The embodiment of the invention also provides an intra-frame coding speed optimization device based on historical information, which comprises the following steps:

a first module for obtaining an encoding unit;

a second module, configured to, when the coding unit is a first-round coding unit, calculate a correlation index of the first-round coding unit, and code the first-round coding unit according to a calculation result of the correlation index;

a third module, configured to compare the calculation result of the correlation index with a dynamic threshold, and determine a partition type of the coding unit; wherein the dynamic threshold is dynamically adjusted according to historical partition information of the coding units;

a fourth module, configured to determine whether the subsequent round of coding unit terminates partitioning in advance when the coding unit is the subsequent round of coding unit; if yes, returning to the step of acquiring the coding unit; otherwise, encoding the subsequent wheel encoding unit;

and the fifth module is used for finishing the coding operation of all the coding units.

The embodiment of the invention also provides the electronic equipment, which comprises a processor and a memory;

the memory is used for storing programs;

the processor executes the program to implement the method as described above.

An embodiment of the present invention further provides a computer-readable storage medium, where the storage medium stores a program, and the program is executed by a processor to implement the method described above.

The embodiment of the invention also discloses a computer program product or a computer program, which comprises computer instructions, and the computer instructions are stored in a computer readable storage medium.

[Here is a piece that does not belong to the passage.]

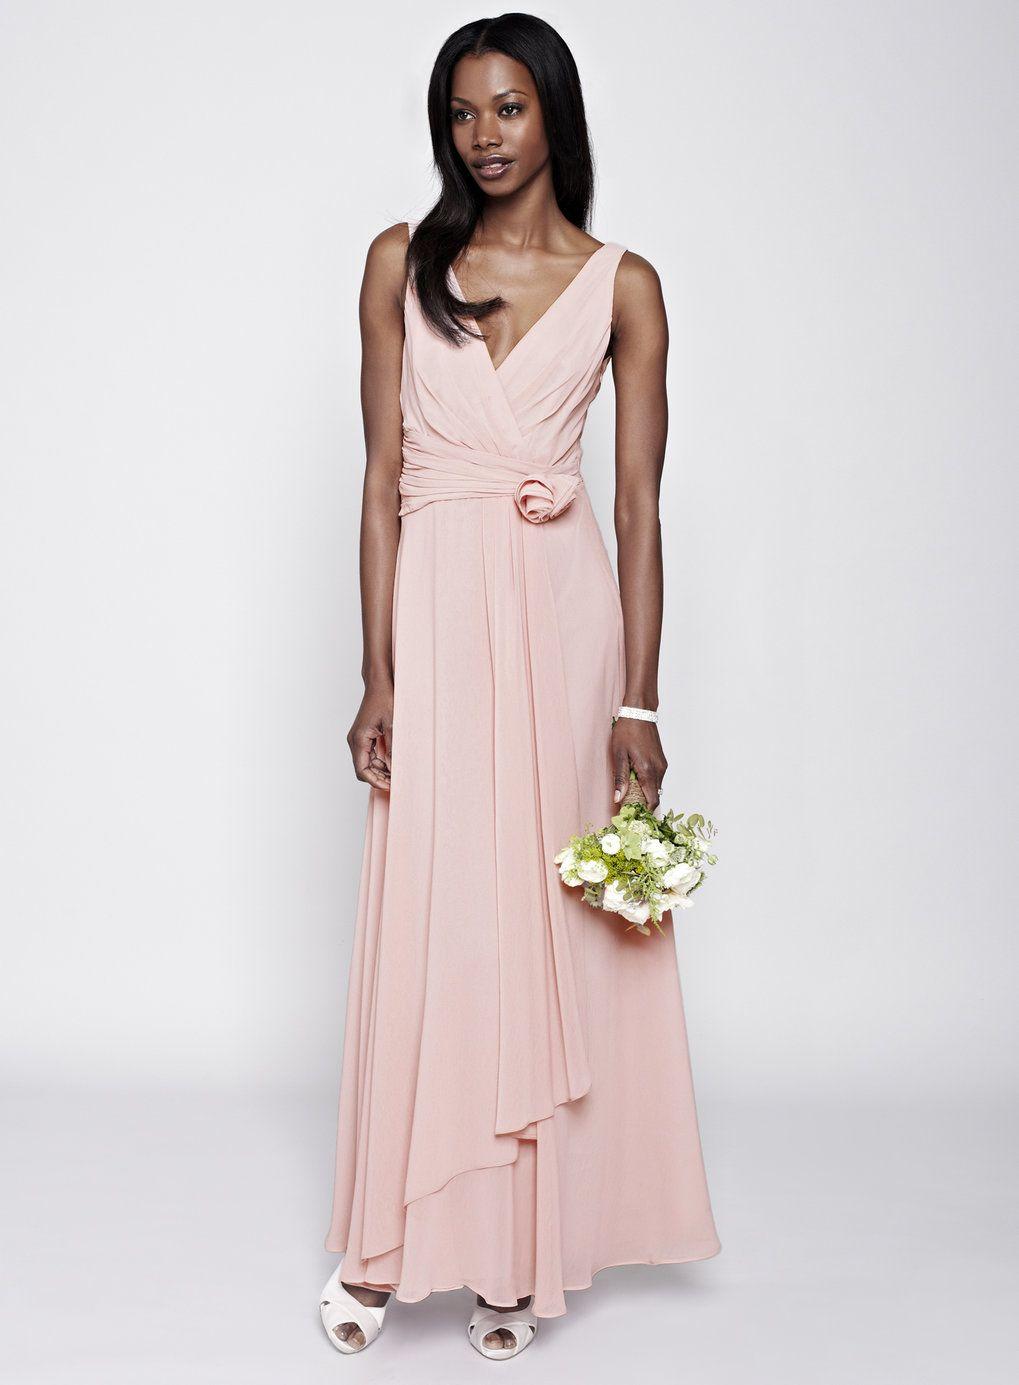 Beautiful Wedding Dresses Bhs Bridesmaids Image - Colorful Wedding ...

The computer instructions may be read by a processor of a computer device from a computer-readable storage medium, and the computer instructions executed by the processor cause the computer device to perform the foregoing method.

The following describes in detail the specific implementation principles of the present invention:

it should be noted that under the QTMT partition scheme, different partition combinations may result in the same CU structure (with the same location and size). In other words, a CU of the same position and size may be encoded multiple times. Taking fig. 1 as an example, after a parent CU (with size w × h) is divided into two binary trees (e.g. 101 and 102 in fig. 1) in two consecutive times and different directions, two child CUs with size w/2 × h/2 can be generated. The two sub-CUs and the partial sub-CUs resulting from the quadtree division have the same position and size and are repetitively coded. For convenience of explanation, the present invention defines a CU that an encoder first encounters and encodes as a first round CU (1st round CU); the CU encountered again by the encoder, i.e. the CU that has been generated and encoded by some previous partition combination, is defined as the following round CU (following rounds CU).

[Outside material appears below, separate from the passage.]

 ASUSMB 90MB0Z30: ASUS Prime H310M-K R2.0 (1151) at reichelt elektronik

This feature, which originates from the encoder and the QTMT partition scheme itself, motivates the core idea of the present invention that the coding result (including the optimal partition type and prediction mode) of 1st round CU can be used to guide the coding of following rounds CU. Specifically, the redundant partition types are skipped by using the relationship between 1st round CU (first coding) and following rounds CU (encountered again).

First, from the theoretical point of view of video coding, the "history and repetition" feature of the QTMT partition scheme can be utilized to accelerate QTMT partition. Specifically, for a CU, the location and size of its reference region is unchanged when it is first encoded and encountered again for encoding. Although the value of the reference pixel may vary (the structure of the surrounding CU may be different, which may result in a slightly different reconstructed value of the reference pixel), the difference is not large, and the reconstructed value still approaches the same original pixel value. Therefore, theoretically, the 1st round CU and the following round CU have similar reference pixels, and the subsequent optimal partition types and prediction modes thereof are also similar.

Secondly, from the perspective of statistics and optimization space, the encoding speed can be effectively improved by using the 'history and repetition' characteristic of the QTMT partition scheme under the condition of controlling small encoding loss. On the one hand, according to experimental statistics, 1stThe ratio of round CU and following rounds CU having the same optimal partition type exceeds 80%, consistent with the above theoretical analysis. This also means that coding losses can be effectively controlled if this feature can be exploited. On the other hand, according to experimental statistics, about 30% -40% of CUs are encoded multiple timesThis means that the space for speed optimization using this feature is large.

As described above, according to the experimental statistics, the ratio of 1st round CU and following rounds CU having the same optimal partition type exceeds 80%. Therefore, the encoding result of 1st round CU can be used to guide and skip the recursive traversal partition of following rounds CU. In order to effectively control the coding loss, it is considered that the accuracy of 80% is insufficient, and the identification and elimination of the redundant partition type needs to ensure the accuracy of at least 95%.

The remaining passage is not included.